Подсев к окну, выходившему на восток, он под непрерывный стук швейной машины принялся за работу. Сегодня это был не роман, который он писал, а статья для одной из рабочих газет.

В хорошую погоду Нильс и Петра после обеда выходили обычно погулять вдвоем; иногда они бродили по заросшим вереском холмам, где пасся скот, а иногда спускались к фьорду. Люди глазели на них и говорили:

— Госпожа совершает свою послеобеденную прогулку. Петра огорчалась, Нильс же смеялся.

— Не обращай внимания, — убеждал он ее, — иначе эта беспросветная глупость съест тебя с потрохами!

Под вечер Нильс большей частью опять уходил. Он отправлялся за многие километры от дому, чтобы выступить перед десятком промокших и продрогших батраков.

Возвращался он после таких походов всегда радостно возбужденный. Петра же отнюдь не была в восторге от этих его хождений сквозь мрак и дождь, когда трудно было даже разглядеть дорогу.

— Мало ли что может случиться с тобой ночью, да и простудиться в такую погоду ничего не стоит, — озабоченно говорила она, волнуясь за мужа. — И потом вообще опасно... — она думала о богатеях, питавших к Нильсу жгучую ненависть за агитацию, которую он вел.

Но Нильс и слушать не желал об ее тревогах.

— Знала бы ты, какая это радость, когда от твоих слов в усталых, потухших глазах зажигается свет, — говорил он. — Ведь это единственная радость, которая осталась мне, отставному «фантасту»! А ты слышала, что и с моим преемником там тоже всякие неприятности: он будто бы приставал в школе к девочкам! Но дело замяли; новый учитель, видишь ли, правоверный, — а это главное. Ведь он же не полез ни к кому в карман, — вот это действительно было бы преступлением. А осквернить несколько детских душ — такой поступок можно и простить!..

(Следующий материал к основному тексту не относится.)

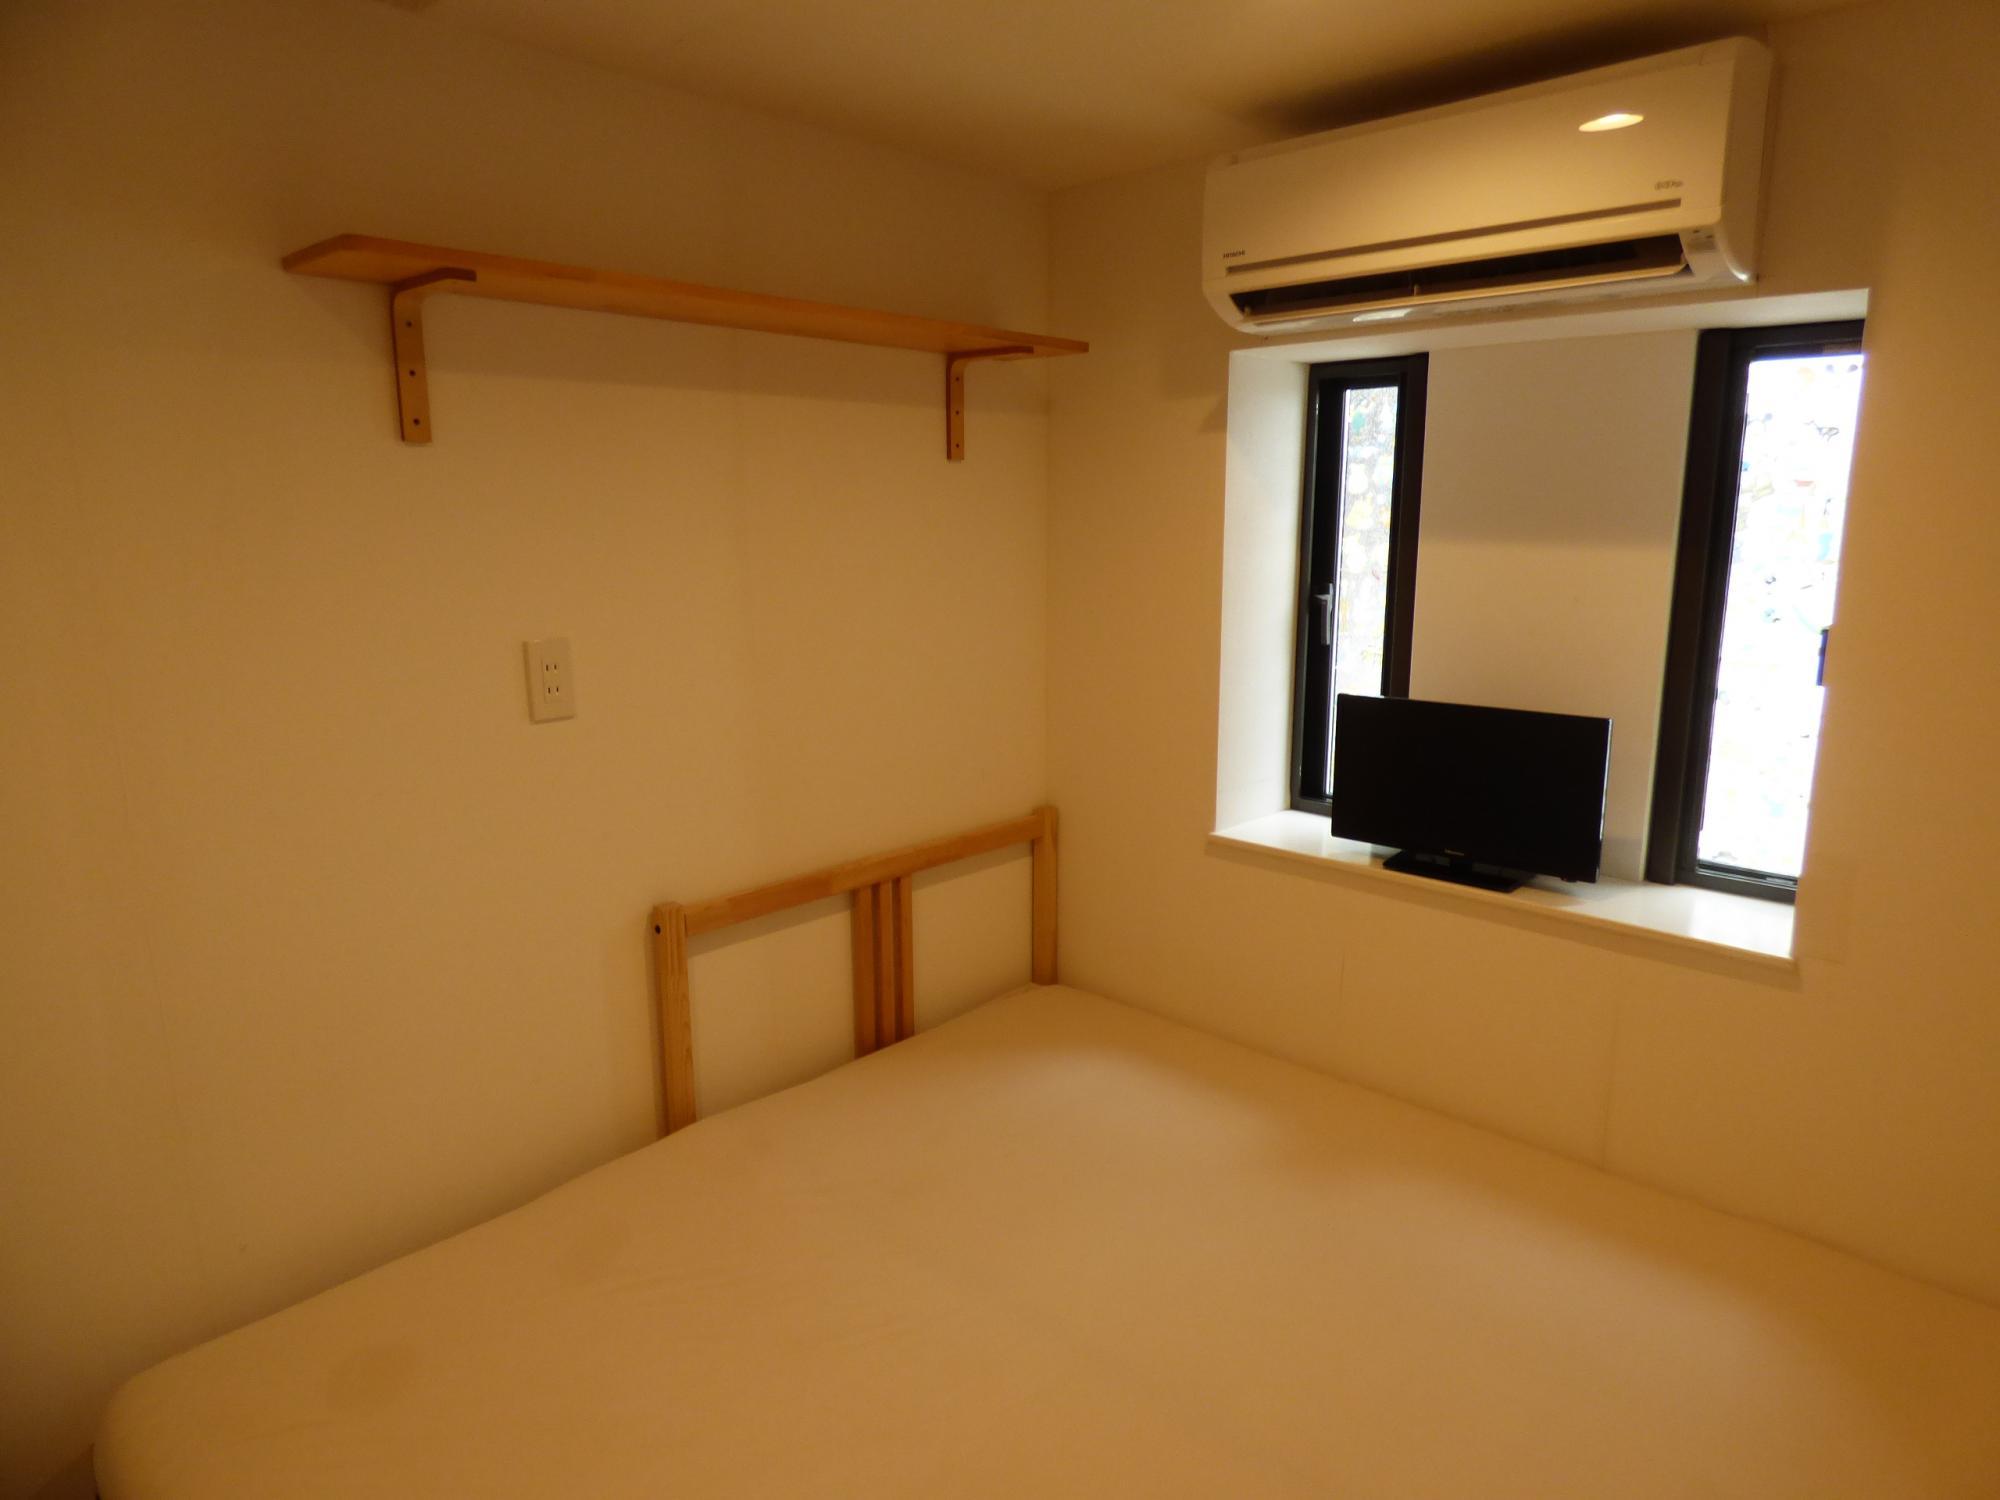 寝室には出窓を設置しました。その出窓には、縦滑り出し窓で採風効果も抜群です。
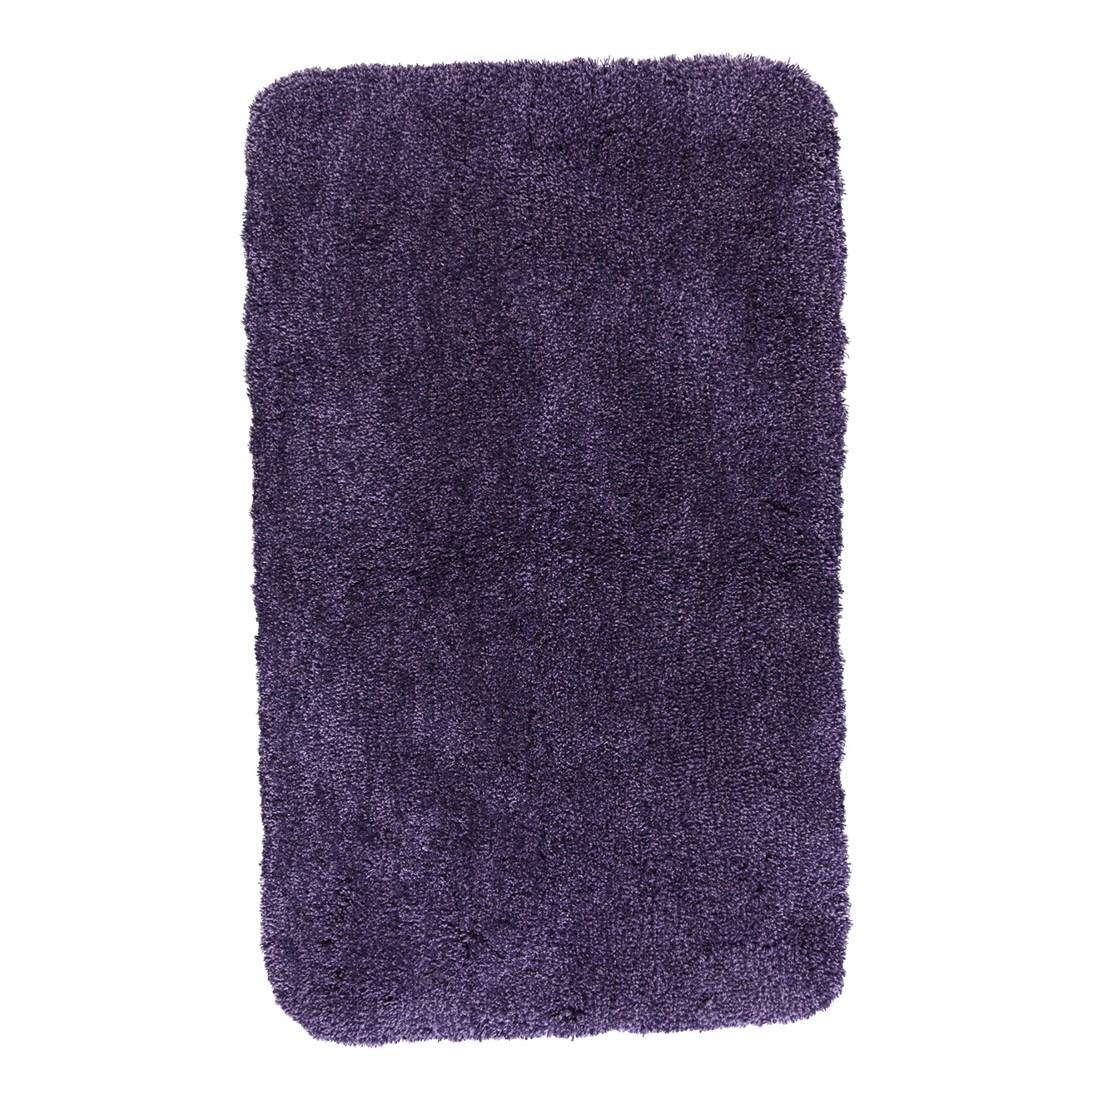 Badteppich Relax - 100% Polyacryl Aubergine - 872 - Toilettenvorlage: 55 x 55 cm, Kleine Wolke

Нет, Нильса ничем не проймешь. Он всегда бодр и уверен в себе; в этом он похож на своего отца, старого Эббе. Немалая заслуга и Петры была в том, что Нильс не падал духом, но когда он ей об этом говорил, она отрицательно мотала головой. Жизнь научила ее скромности, и Петра не могла поверить, что она так много значит для него. Больше всего ее мучила мысль: а вдруг Нильс не настоящий писатель? Если так, то в этом ее вина! Ведь писатель — властелин в мире любви, и все красивые женщины, само собой разумеется, принадлежат ему! А тут что? Разве она, бедная кривобокая швейка, может вдохновлять Нильса?

— Не волнуйся, Петра, — смеясь успокаивал он ее. — Если я пишу роман, то это еще не значит, что я писатель. Писатель — это существо, плетущееся в хвосте за другими; это эстет, возникающий из небытия лишь после того, как брожение, а с ним, в большинстве случаев, и сама жизнь канули в лету. Писатель — это отстой культуры, часто — осадок на дне ее, последнее, что оставляет после себя процесс становления определенной культурной эпохи, — ее экскремент. А чтобы удержать за собой это высокое назначение, он объявил своим девизом «L’art pour l’art[2] », — осадок ради самого осадка. Ну как ты думаешь, неужели я захочу плестись в этом обозе? Нет, я хочу помогать строить новое общество. Меня не влечет это вываренное искусство, я не люблю этот так называемый «язык богов». Божеское для меня — это безыскусственная речь многомиллионных человеческих масс и то, что она выражает.

Петра, как уже говорилось, поняла лишь часть из всего сказанного Нильсом и в этом увидела лишнее подтверждение того, какой незаурядный у нее муж. Но она сделала вид, что поняла все. И он, гордый своей маленькой умной женой, радовался, что есть на свете человек, с которым можно поделиться мыслями и чувствами, не боясь быть непонятым.